Site Auditor uses semantic analysis of the pages that it crawls on your website to identify the pages that share content. You can find this error in the Content section of Site Auditor.
How does Site Auditor discover duplicate content?
Site Auditor scans each page of your website for what could be considered "readable" content, attempting to exclude headers, footers and navigation. The readable content is then compared against the other pages in order to make a determination about which pages could be duplicates. The more that these pages overlap, the greater chance that they'll be flagged as duplicates.
Can I see which pages are duplicates of each other?
Yes! To discover which pages are duplicates of each other, follow these steps:
- Navigate to SEO > Site Auditor.
- Click the Duplicate Content error in the summary, or find duplicate content in the Content section.
- Next to the entry marked as duplicate, click the red Yes link.
These pages aren't duplicates, why is Site Auditor saying otherwise?
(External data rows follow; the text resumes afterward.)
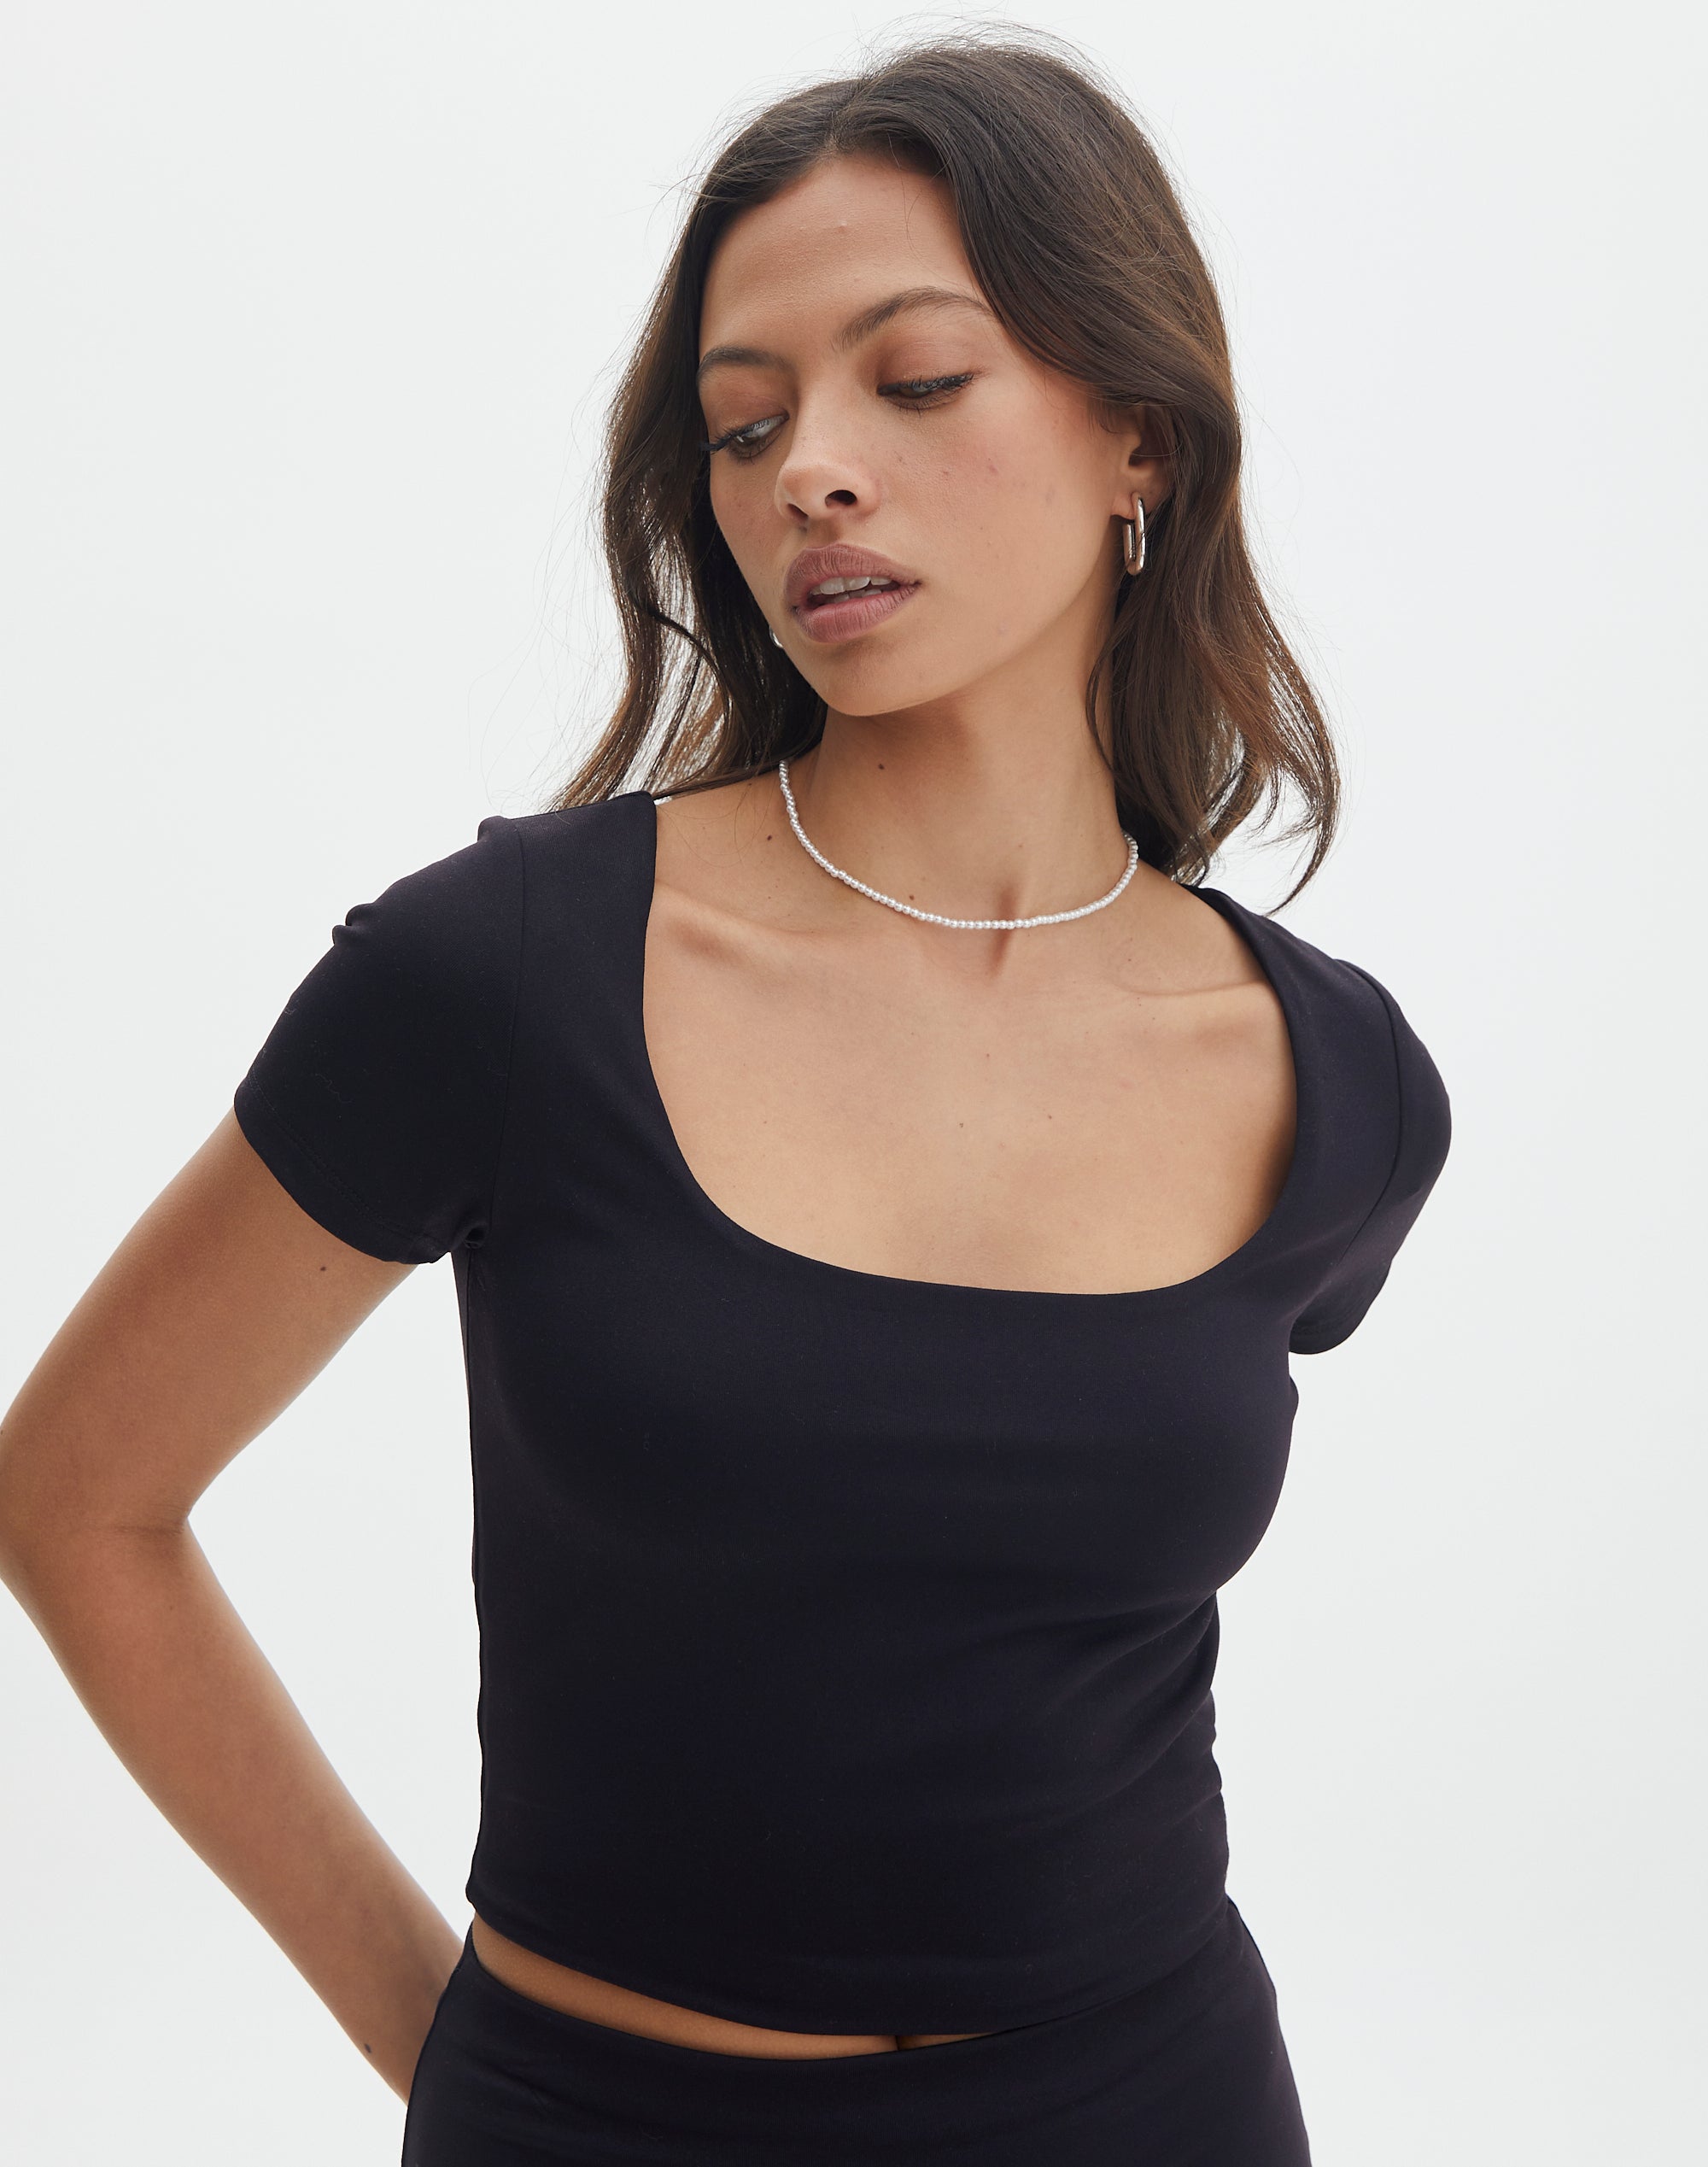 https://www.glassons.com/content/products/eden-crop-top-black-front-ts139135pch.jpg
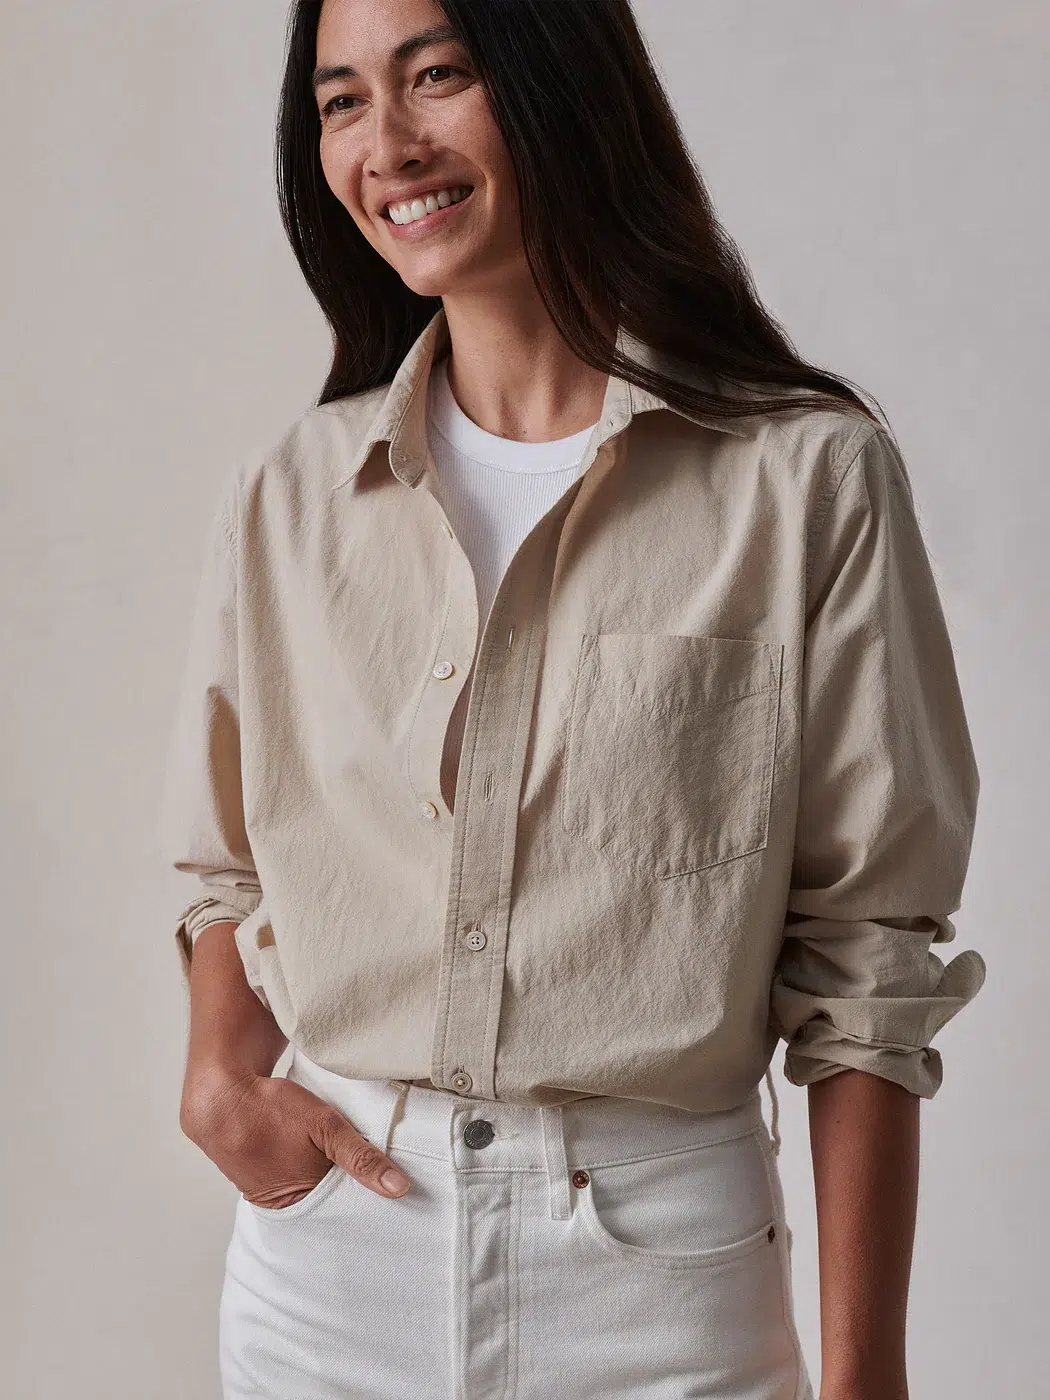 The Button-Down That Wont Leave You With Button-Down Boob Gap
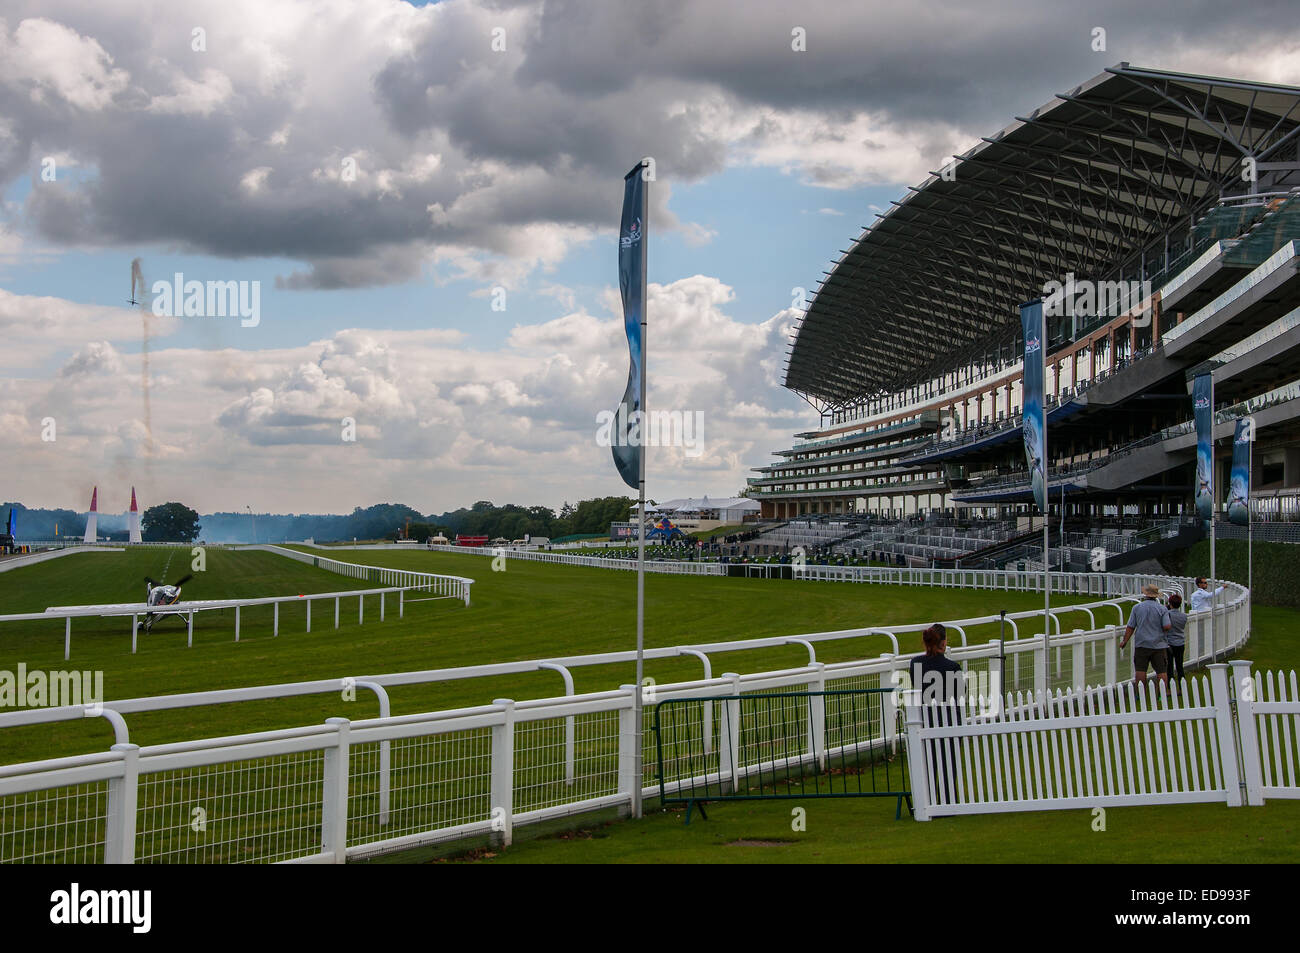 The UK round of the 2014 Red Bull Air Race series was held at Royal Ascot Racecourse, Berkshire, UK. Granstand, track and fences. Space for copy Stock Photo
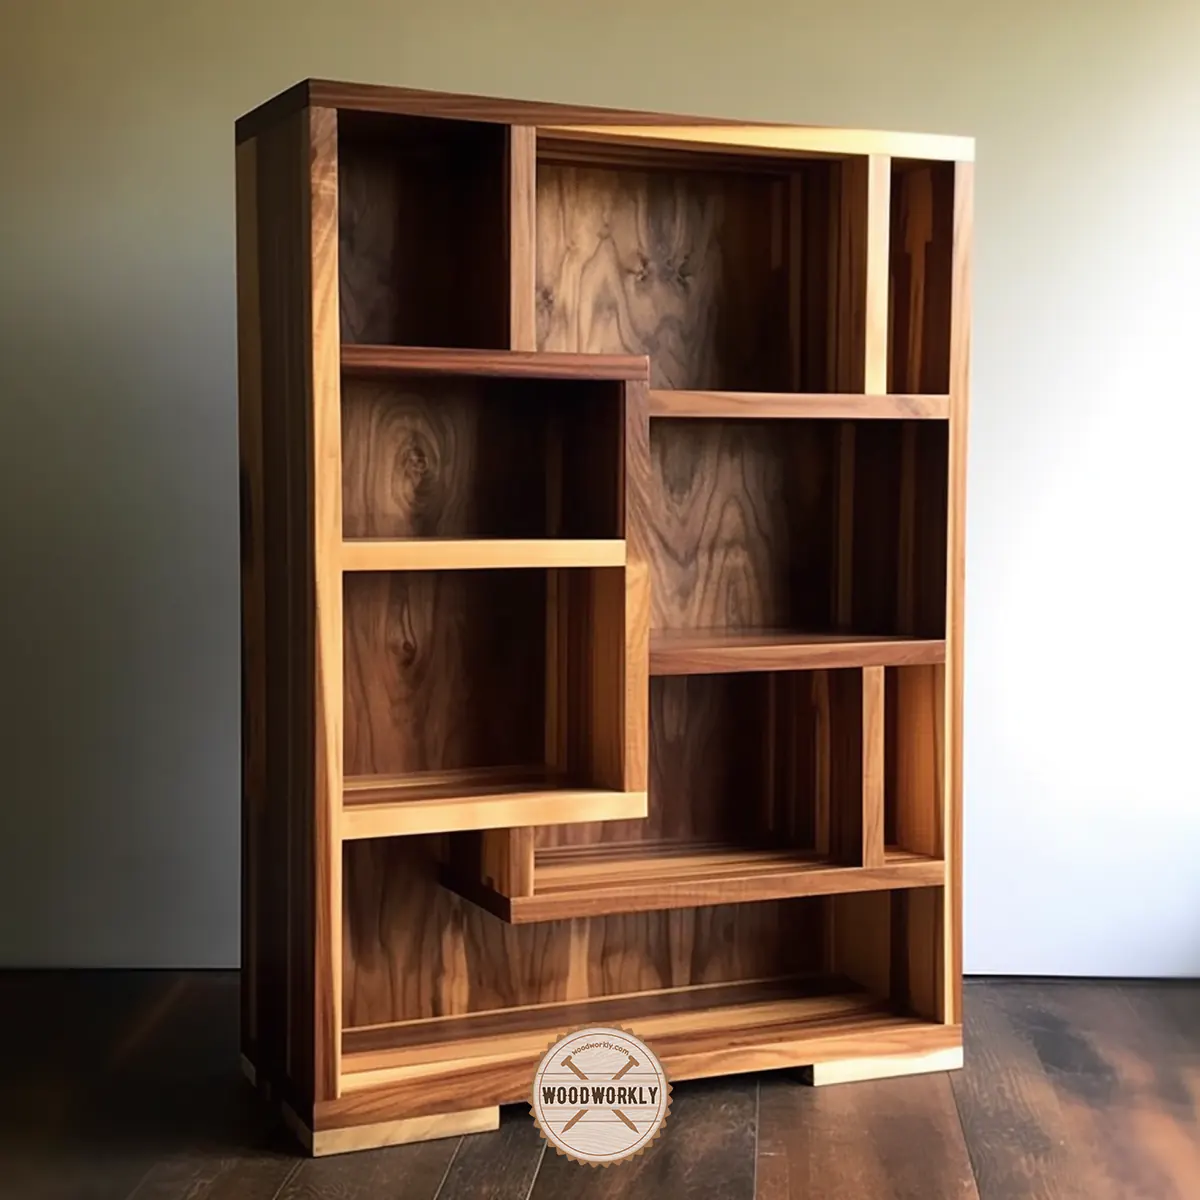 Bookshelf finished with tung oil finish

There are a few common reasons for false reporting of duplicate content in Site Auditor:
- If your pages don't have a lot of unique content — which is to say, a low word count — then Site Auditor may have trouble determining differences between two pages.
- Many content management systems present the same content in a variety of different ways, through author pages, archive pages, search pages and more. It's good practice to use your robots.txt file to prevent archive pages from being crawled.
- You purposefully have different ways of accessing the same content on your website, but you aren't using the Canonical tag to inform crawlers to ignore these pages. Site Auditor supports the rel="canonical" tag and will take it into consideration when making determinations about duplicate content.
How does rel="canonical" work?
As of March 2015, Raven supports canonical tags when crawling websites. You'll see a Canonical column in Site Auditor that displays the canonical URL associated with a page and the page will not be included in the duplicate content issue total.